__WHAT THE TASK REQUIRES__. Repeat exactly, and only, the lines of the entries below from the one with "Keen Targhee IIAtmospheric" through the one with "charts, diagrams and", both ends included.

__DATASET EXTRACT__.
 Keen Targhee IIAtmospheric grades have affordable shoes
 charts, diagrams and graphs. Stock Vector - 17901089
==
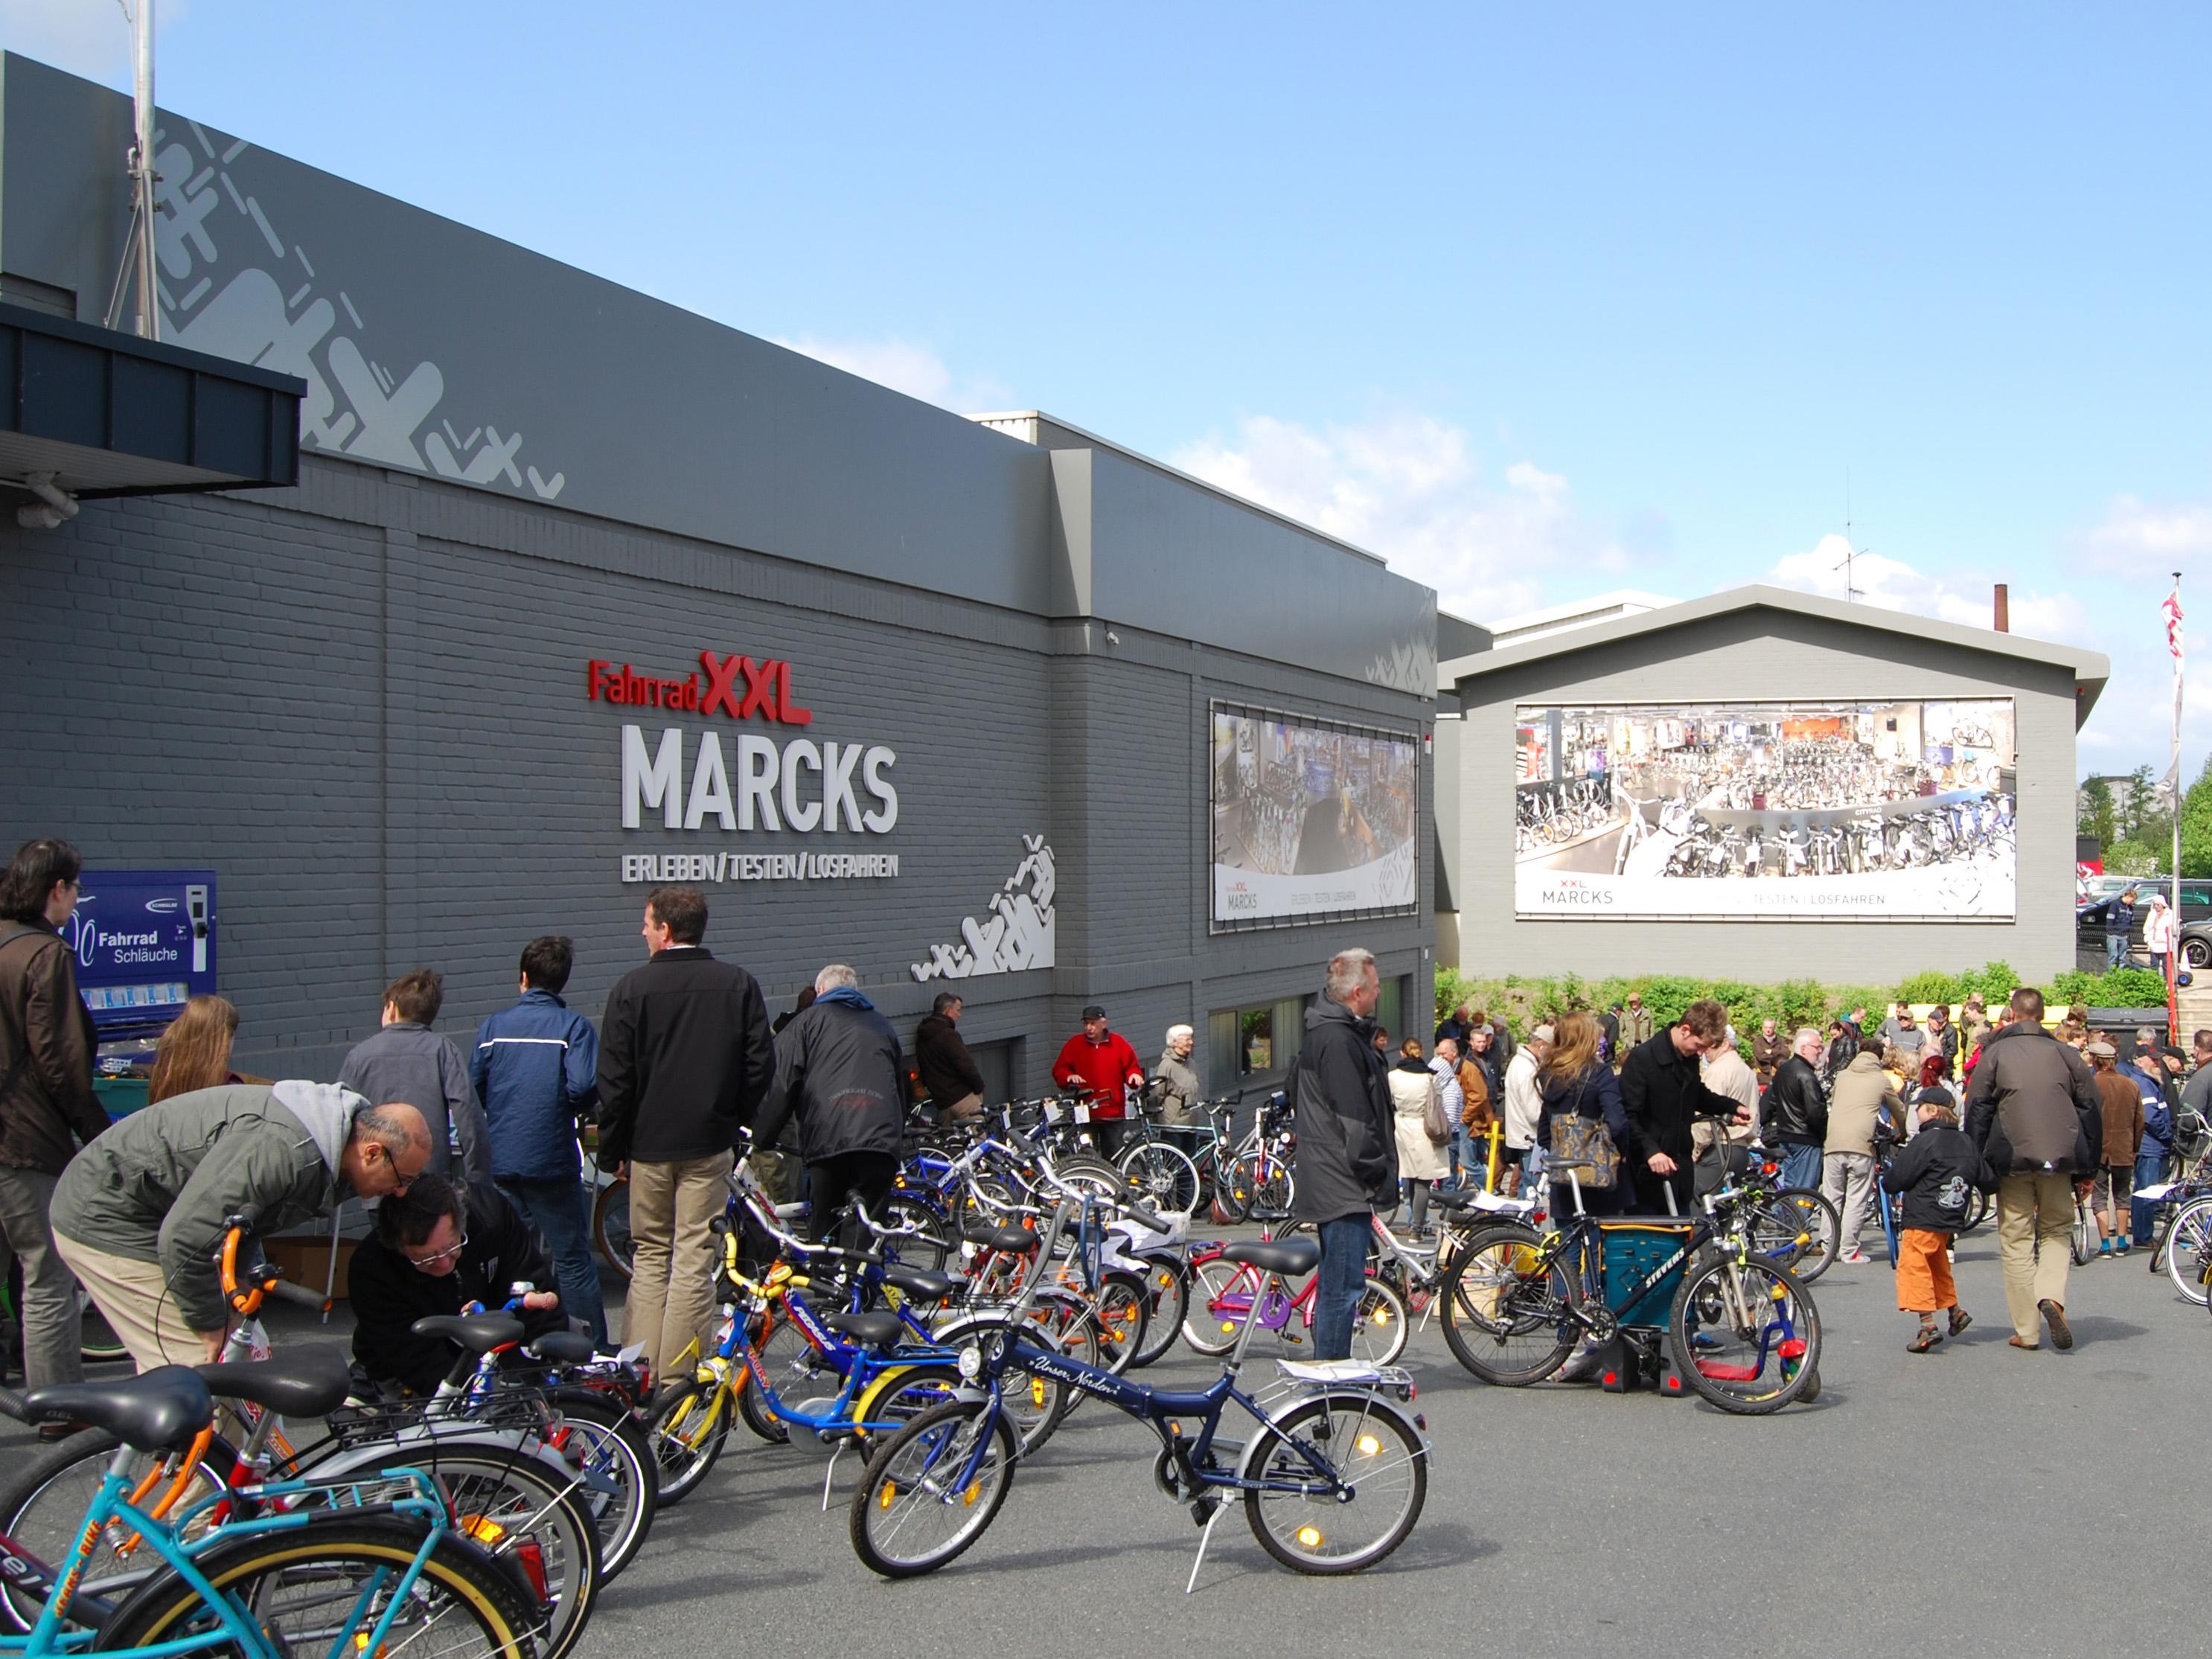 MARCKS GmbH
==
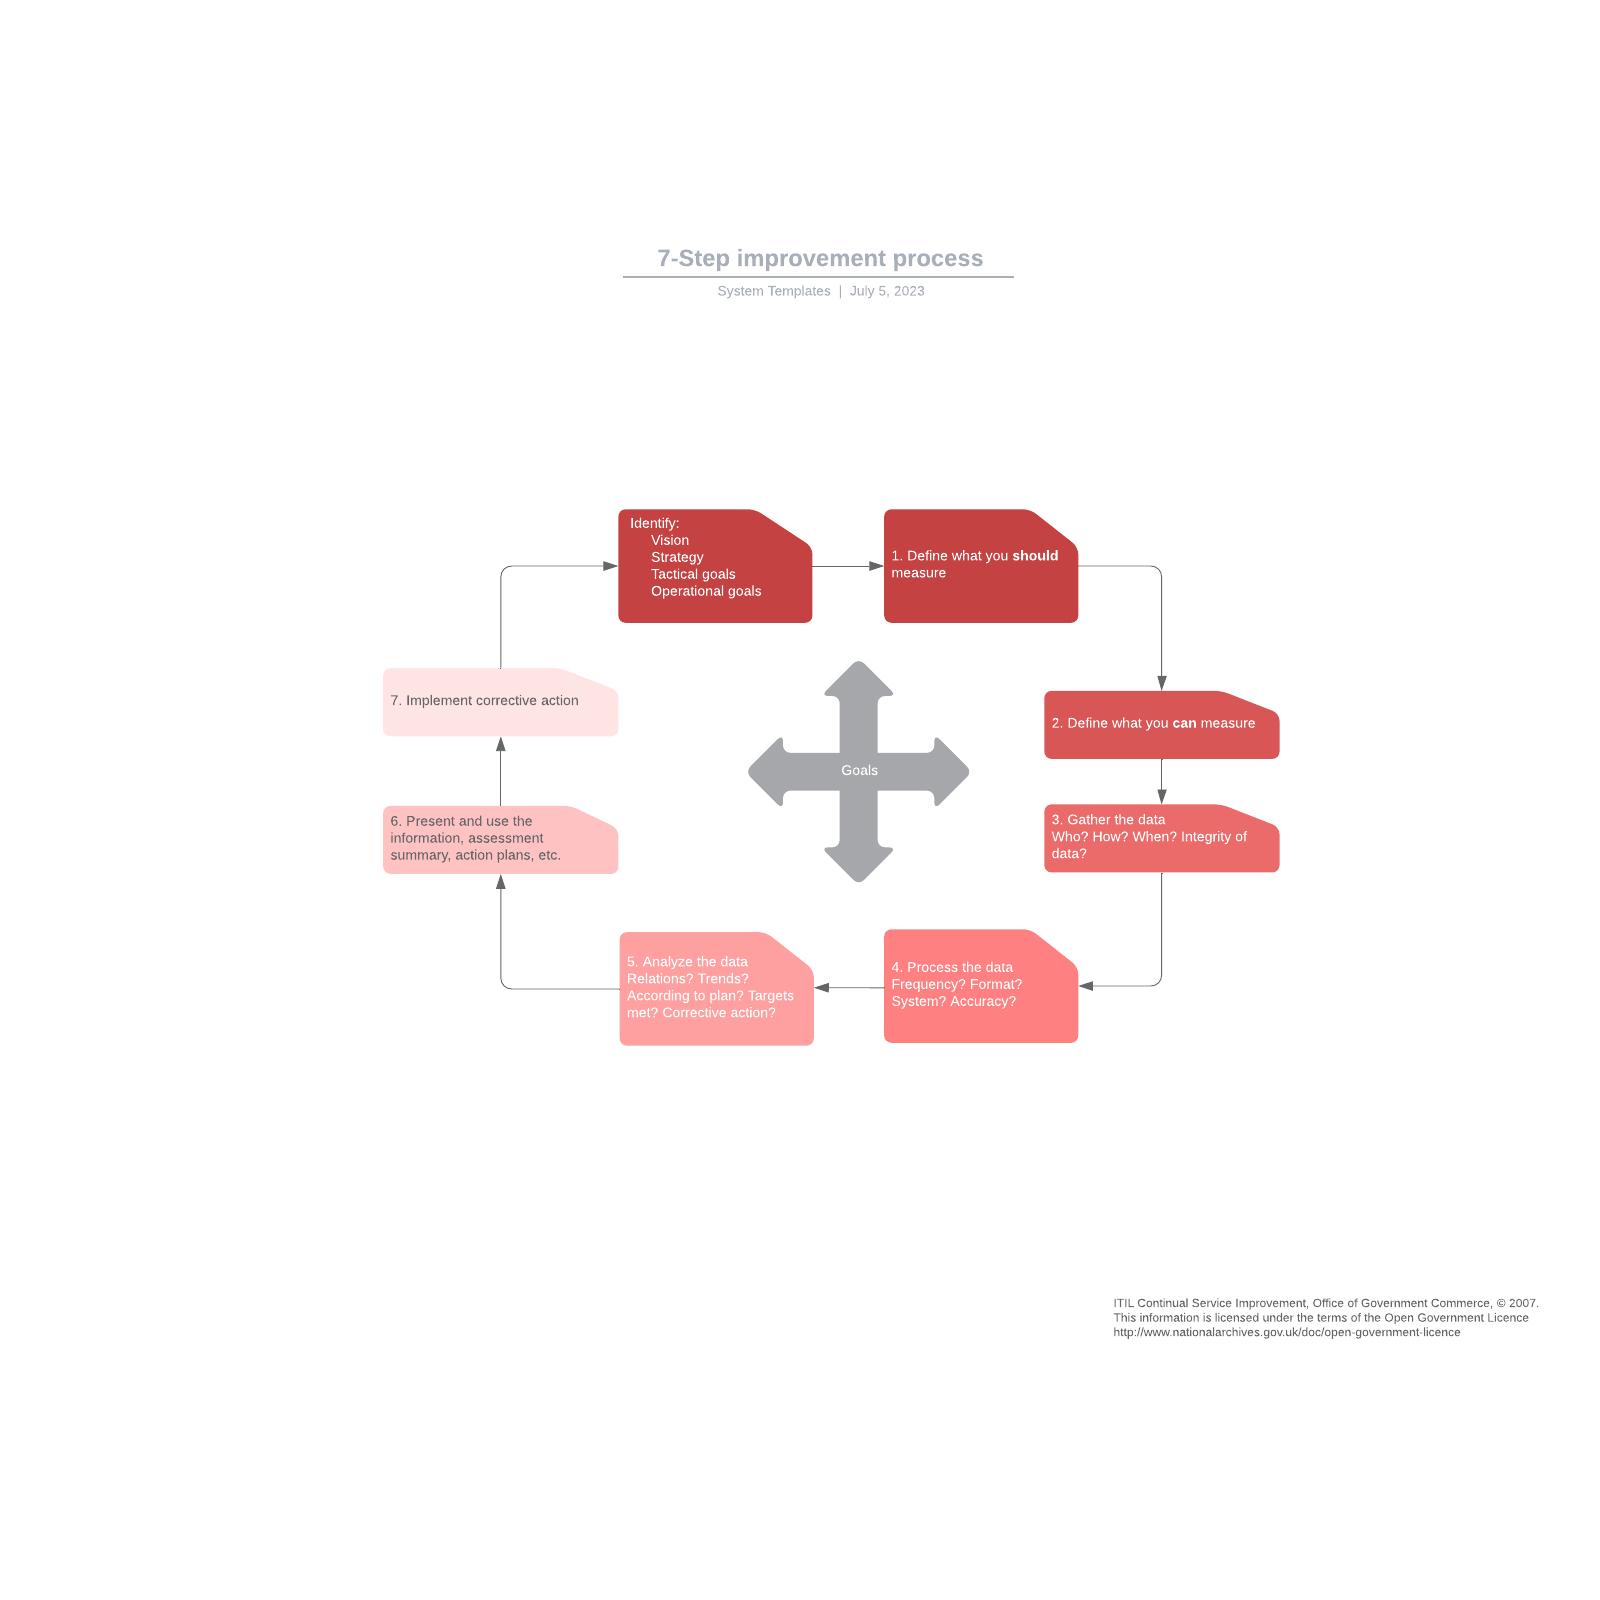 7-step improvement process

__FINAL ANSWER__.
 Keen Targhee IIAtmospheric grades have affordable shoes
 charts, diagrams and graphs. Stock Vector - 17901089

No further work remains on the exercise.